__WHAT YOU ARE ASKED TO DO__.
Return verbatim all lines from the first one in the records to the line with "Vei Yoga T Shirt Yoga Pamuklu Breath 2", both ends kept.

(DATASET EXCERPTS Opens)

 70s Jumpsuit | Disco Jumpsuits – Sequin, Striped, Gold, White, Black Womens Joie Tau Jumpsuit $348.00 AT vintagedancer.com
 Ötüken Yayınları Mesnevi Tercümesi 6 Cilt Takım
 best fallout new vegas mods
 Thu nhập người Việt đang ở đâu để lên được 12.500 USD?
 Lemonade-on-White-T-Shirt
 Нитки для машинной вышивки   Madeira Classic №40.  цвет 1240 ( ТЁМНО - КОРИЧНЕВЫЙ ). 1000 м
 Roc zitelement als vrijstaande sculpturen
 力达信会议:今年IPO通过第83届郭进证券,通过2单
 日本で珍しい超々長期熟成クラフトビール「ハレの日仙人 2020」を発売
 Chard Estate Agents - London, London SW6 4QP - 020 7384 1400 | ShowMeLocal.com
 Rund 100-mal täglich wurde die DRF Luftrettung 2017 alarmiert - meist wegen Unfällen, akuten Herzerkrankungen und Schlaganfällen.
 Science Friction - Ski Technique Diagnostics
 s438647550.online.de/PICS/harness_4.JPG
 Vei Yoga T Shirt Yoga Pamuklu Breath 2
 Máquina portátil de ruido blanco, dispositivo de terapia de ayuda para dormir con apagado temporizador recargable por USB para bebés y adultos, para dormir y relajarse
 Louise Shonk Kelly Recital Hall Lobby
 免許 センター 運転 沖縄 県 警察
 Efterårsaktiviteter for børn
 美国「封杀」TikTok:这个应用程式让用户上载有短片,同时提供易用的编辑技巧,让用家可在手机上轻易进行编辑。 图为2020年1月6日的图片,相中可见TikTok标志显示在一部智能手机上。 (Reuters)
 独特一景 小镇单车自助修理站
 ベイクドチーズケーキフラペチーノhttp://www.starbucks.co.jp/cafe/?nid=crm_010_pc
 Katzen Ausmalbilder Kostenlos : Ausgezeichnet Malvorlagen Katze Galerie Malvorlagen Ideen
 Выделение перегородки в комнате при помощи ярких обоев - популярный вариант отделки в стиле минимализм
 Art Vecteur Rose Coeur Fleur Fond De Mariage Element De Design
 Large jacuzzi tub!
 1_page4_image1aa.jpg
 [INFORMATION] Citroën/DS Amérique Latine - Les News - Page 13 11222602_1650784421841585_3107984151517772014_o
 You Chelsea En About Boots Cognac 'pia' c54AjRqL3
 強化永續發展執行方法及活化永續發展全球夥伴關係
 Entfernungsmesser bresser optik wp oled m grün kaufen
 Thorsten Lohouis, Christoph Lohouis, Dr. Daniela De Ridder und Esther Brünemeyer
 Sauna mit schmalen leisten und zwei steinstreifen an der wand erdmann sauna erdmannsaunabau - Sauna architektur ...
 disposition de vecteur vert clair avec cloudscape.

(DATASET EXCERPTS Closes)

__COMPLETED TASK__.
 70s Jumpsuit | Disco Jumpsuits – Sequin, Striped, Gold, White, Black Womens Joie Tau Jumpsuit $348.00 AT vintagedancer.com
 Ötüken Yayınları Mesnevi Tercümesi 6 Cilt Takım
 best fallout new vegas mods
 Thu nhập người Việt đang ở đâu để lên được 12.500 USD?
 Lemonade-on-White-T-Shirt
 Нитки для машинной вышивки   Madeira Classic №40.  цвет 1240 ( ТЁМНО - КОРИЧНЕВЫЙ ). 1000 м
 Roc zitelement als vrijstaande sculpturen
 力达信会议:今年IPO通过第83届郭进证券,通过2单
 日本で珍しい超々長期熟成クラフトビール「ハレの日仙人 2020」を発売
 Chard Estate Agents - London, London SW6 4QP - 020 7384 1400 | ShowMeLocal.com
 Rund 100-mal täglich wurde die DRF Luftrettung 2017 alarmiert - meist wegen Unfällen, akuten Herzerkrankungen und Schlaganfällen.
 Science Friction - Ski Technique Diagnostics
 s438647550.online.de/PICS/harness_4.JPG
 Vei Yoga T Shirt Yoga Pamuklu Breath 2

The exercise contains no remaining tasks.